As for X and Y: I actually did it similar, just with a BoundingBox. I’ll sure try the Z thing out, cause it seems a bit less complicated (in sense of instructions ;) )
In the mean time I solved it by using the “similarity of triangles” rule (if you assume the frustum as two triangles: top and side view). I got the old state, meaning X,Y and Z from last the frame, I got the new X and Y and therefore can calculate the new Z for top and side view.
Then these two are combined to a final Z by using Pytagoras. Ok, this is not optimal as it uses a SQRT, but it works really well :) (with a bit of tweaking I can replace this calculation with some other though)
A different thing to consider might be some physics based movement of the camera (meaning acceleration / deceleration / spring approach, so that not every tiny theoretical position change results in a real camera position change… if you know what I mean)
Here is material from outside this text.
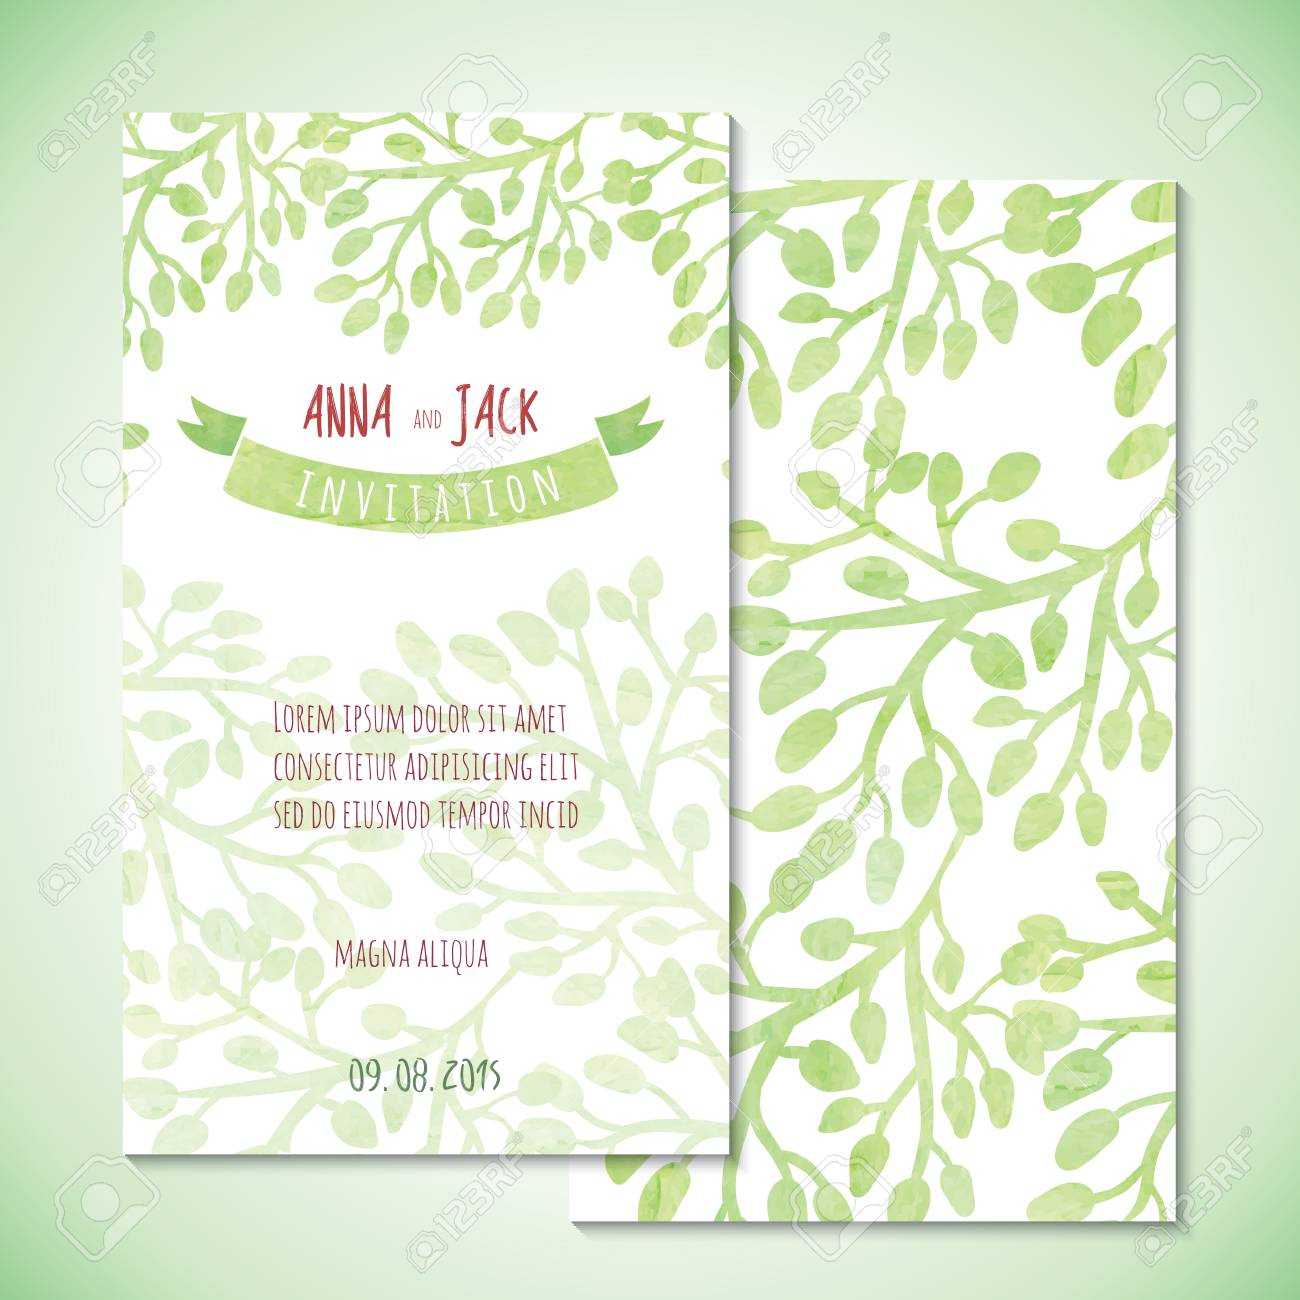 Watercolor Card Templates For Wedding Invitation, Save The Date.. Within Save The Date Cards Templates

So all in all, my code now looks like this, in case someone’s interested (I always miss the result post when somebody asks a question and then just writes e.g. “never mind, I solved it”):
| //Note: bounding box(BB) is updated every frame is the BB of all players. |
| X1 = (float)BB.Max.X - BB.Min.X; |
| Y1 = (float)BB.Max.Y - BB.Min.Y; |
| |
| //calc new Z based on similarity of triangles: |
| Z1X = (X1 * Z2X) / X2; |
| Z1Y = (Y1 * Z2Y) / Y2; |
| |
| //update position with new values, 0.5 = center to BB: |
| Position.X = (BB.Min.X + BB.Max.X) * 0.5f; |
| Position.Y = (BB.Min.Y + BB.Max.Y) * 0.5f; |
| |
| //Pytagoras: |
| Position.Z = Math.Sqrt( Z1X * Z1X + Z1Y * Z1Y ); |
| |
| //Other formula, no sqrt (space for tweaking!): |
| //Position.Z = Z1X * 0.8f + Z1Y * 0.3f; |
| |
| //Store values: |
| X2 = X1; |
| Y2 = Y1; |
| Z2X = Z1X; |
| Z2Y = Z1Y; |
I’ll show a video as soon as we got things a bit more improved (probably along with a playtest demo), but probably not before the next month.